Without wishing to state the obvious, a basic understanding of web browsing helps us to understand the setup described here. Browsing is a fairly simple process. The client (known as a browser) sends a request using a protocol called HTTP to a server. By default, this request is sent to port 80. The server responds with the requested file. This file may well contain HTML, which the browser will display and will result in the browser making further requests for graphics files, etc.

It is also possible to put a third entity in the middle of this chain. This entity is known as a proxy.

In this case, the requests from the browser are sent to the proxy. The proxy sends the requests to the server, which responds to the proxy. Finally, the proxy responds to the browser. Proxys are used for many reasons, often security-related.

The system we will be setting up will consist of a chain of 3 proxies which will perform the following functions:

  • Caching. This allows the proxy to store a copy of the files requested. If a second request is received for the same file, it is already held locally and a second request does not need to be sent to the server. This reduces traffic on the external network and also improves performance overall. The Caching proxy we will be using is known as Squid.
  • Virus Scanning. As the file will be passing through the proxy, that proxy can examine its contents. In this case, viruses can be scanned for and blocked. The virus scanning proxy we will be using is called HavP and is used in conjunction with a regular scanner, in our case ClamAV.
  • Content Scanning. As well as being examined for viruses, the text of the HTML can be processed and scored. This allows inappropriate (for example sexual) content to be blocked. We will be setting up using one of the best known content scanners, Dan's Guardian.

Transparent Proxying

There was much discussion on the forum thread concerning this. It is an additional feature which is entirely optional. In order for a proxy to be used, the browser has to "know" to send its requests to the proxy rather than to the actual server. This is achieved by configuring the browser with the proxy's details. There are, however, one or two problems with this.

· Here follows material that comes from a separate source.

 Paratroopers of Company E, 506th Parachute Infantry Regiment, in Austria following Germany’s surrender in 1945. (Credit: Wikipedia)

  1. Each browser must be individually configured. Not too much of a problem with a home network and not many browsers, but particularly with portable devices which may or may not be used elsewhere (for example at work) it can be inconvenient to have to keep turning the proxy on and off.
  2. It can be easy to bypass. Without additional firewall rulesc to prevent direct browsing of the internet, bypassing the proxy (and therefore gaining access to blocked content) is as simple as turning it off in the browser.

The solution to this is known as transparent proxying. This works by having the proxy running on the router (in our case the core) and configuring it to intercept all outbound web traffic (i.e. destined for port 80) and redirect it to the proxy. The process is transparent to the end browser / user, hence the name.

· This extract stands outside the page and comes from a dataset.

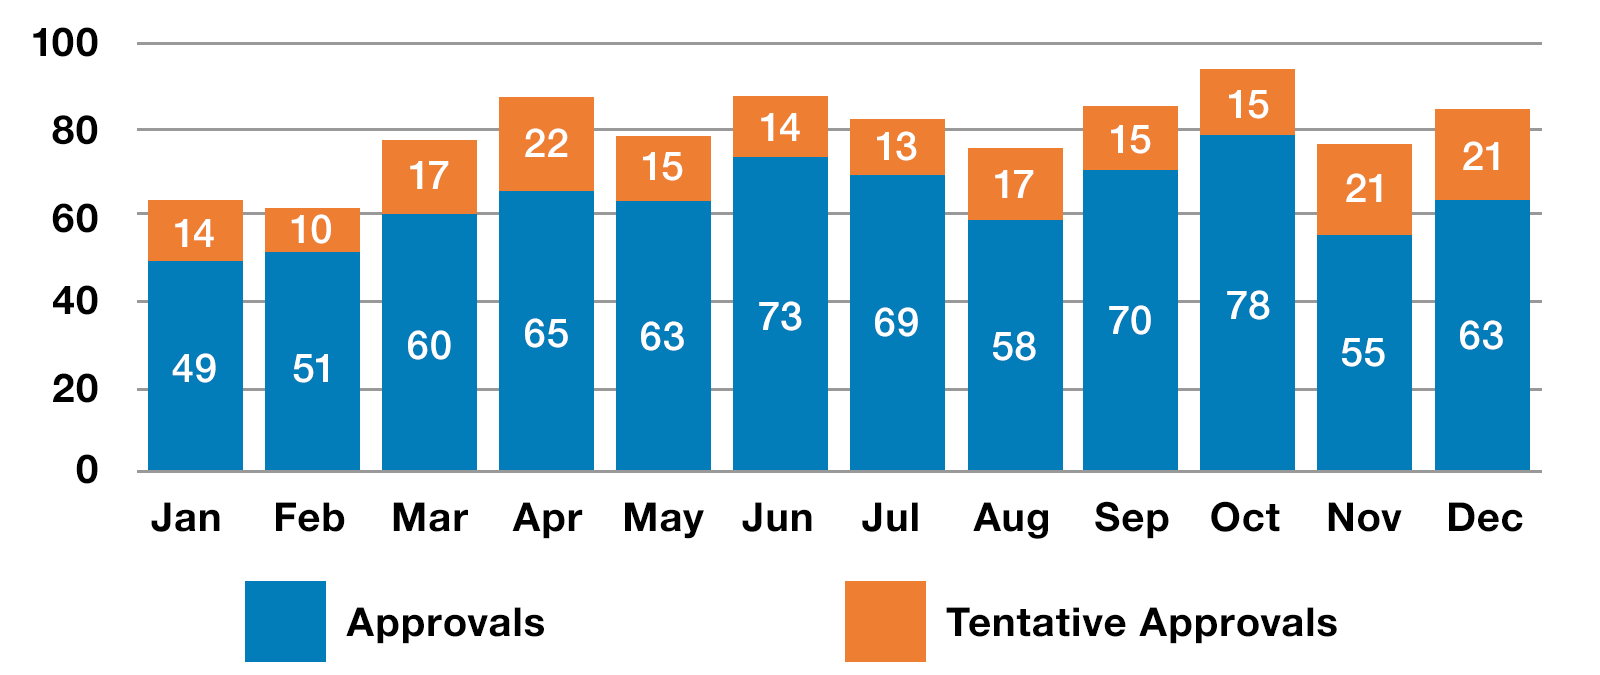 Bar graph showing the number of final generic drug approvals and tentative generic drug approvals by month in 2020

NOTE Transparent proxying should not be seen as an alternative to setting a proxy on static machines, only as an addition. There are still ways to circumvent the system (for example, some webservers don't operate on port 80) so transparent proxying should be seen as an additional layer of security, not an alternative!

The Software

We will be installing a series of packages. The full details of configuring each will not be discussed here. For an in depth discussion, please visit the respective websites.

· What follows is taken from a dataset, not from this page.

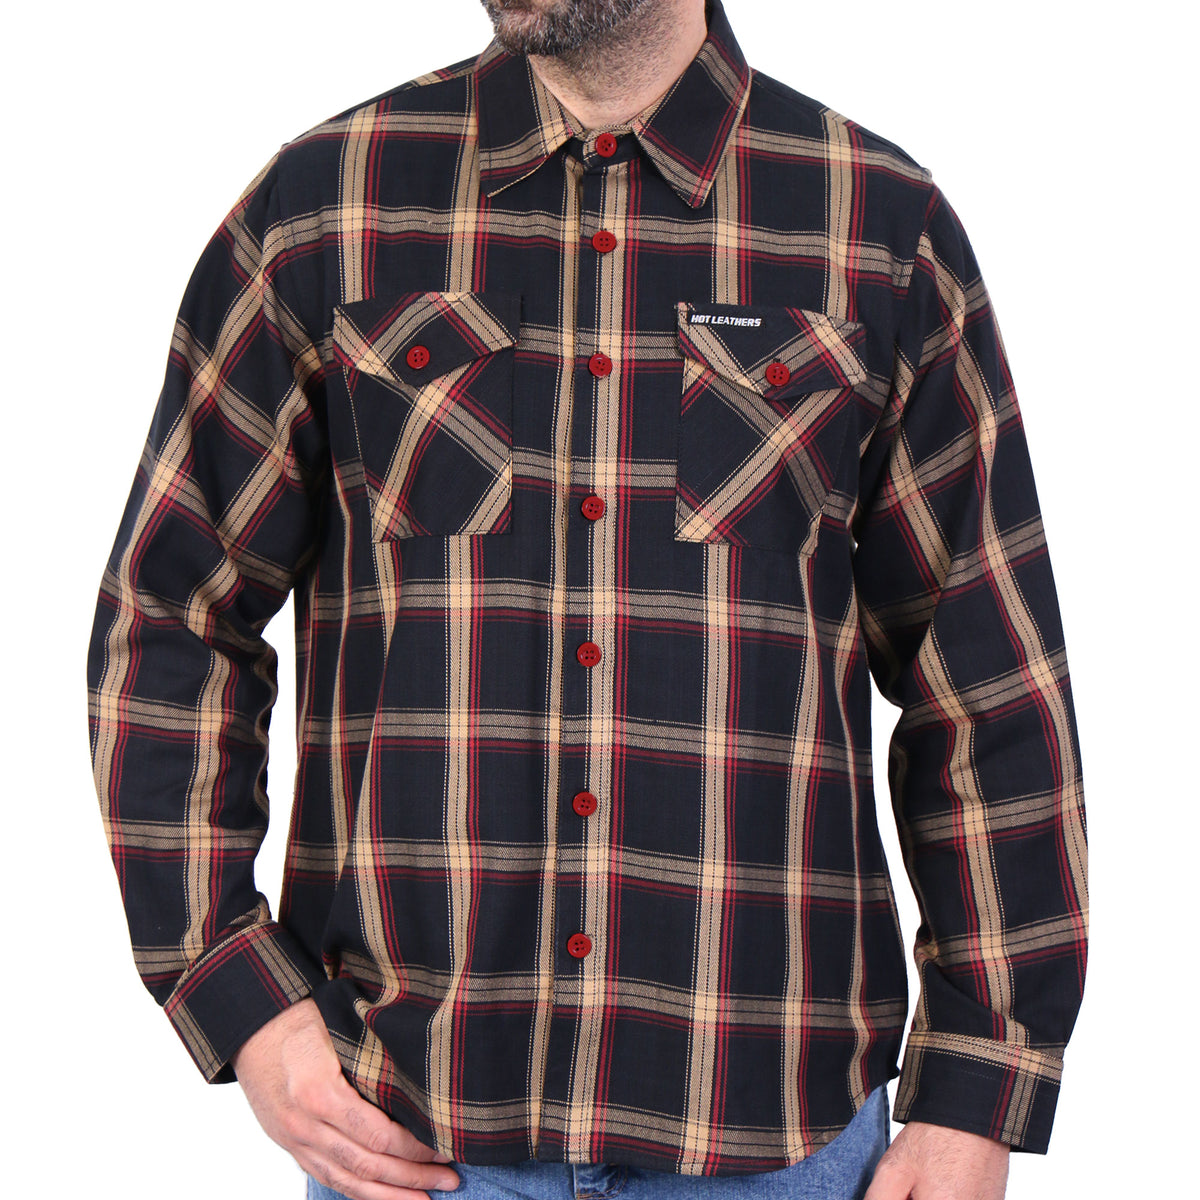 Hot Leathers Black Tan and Red Flannel Shirt

Squid is a very powerful caching web proxy server. This means that it keeps a copy of all files it is asked to retrieve (unless the various http headers dictate that the file cannot be cached). When a file is requested, Squid first checks to see if it has a cached copy. If so, that is returned, if not, it is fetched from the webserver. It is common for certain websites to be visited frequently and Squid will rapidly build up cached copies of things like logo graphics etc. which can (in some cases) drasticly reduce the requests to the internet with resulting speed advantages. If you also pay for data useage, Squid can save money as well! Full details can be found on the Squid website. In our configuration, Squid will be the proxy that actually makes the requests to the internet and is, therefore, the "end" of the chain. You can optionally configure Squid to block ads as well.


ClamAV is a linux-based virus scanning solution. It is not directly part of the proxy chain, but will be used by HavP. It will be configured to download updates on a regular basis and anecdotal evidence is that it is often "first to press" with new virus definitions. Further information at the ClamAV website.


HavP (Http Anti Virus Proxy) is used to scan each file being downloaded using a standard AV scanner. In our case, we are going to use ClamAV (above) to scan. HavP will be configured to use Squid as is proxy. It is important that this order is used as a new virus may otherwise end up in the cache (before ClamAV is updated) and then continue to be served up even after the virus database is updated. Once again, full details on the HavP website.

Dan's Guardian

The final stage in the Proxy chain is Dan's Guardian. This is the proxy that the clients will connect to and it will, in turn, pass the requests on to HavP. Dan's Guardian is a well known content scanner that can control access to websites based not only on the URL, but also on the actual content of the files. It, like Squid, is hugely flexible and a full discussion is beyond the scope of this document, but if you need more, point your browser at the Dan's Guardian Website.



I am writing this as I perform the steps on my own core. So, while this line is here, it's a work in progress and as yet unfinished!!!!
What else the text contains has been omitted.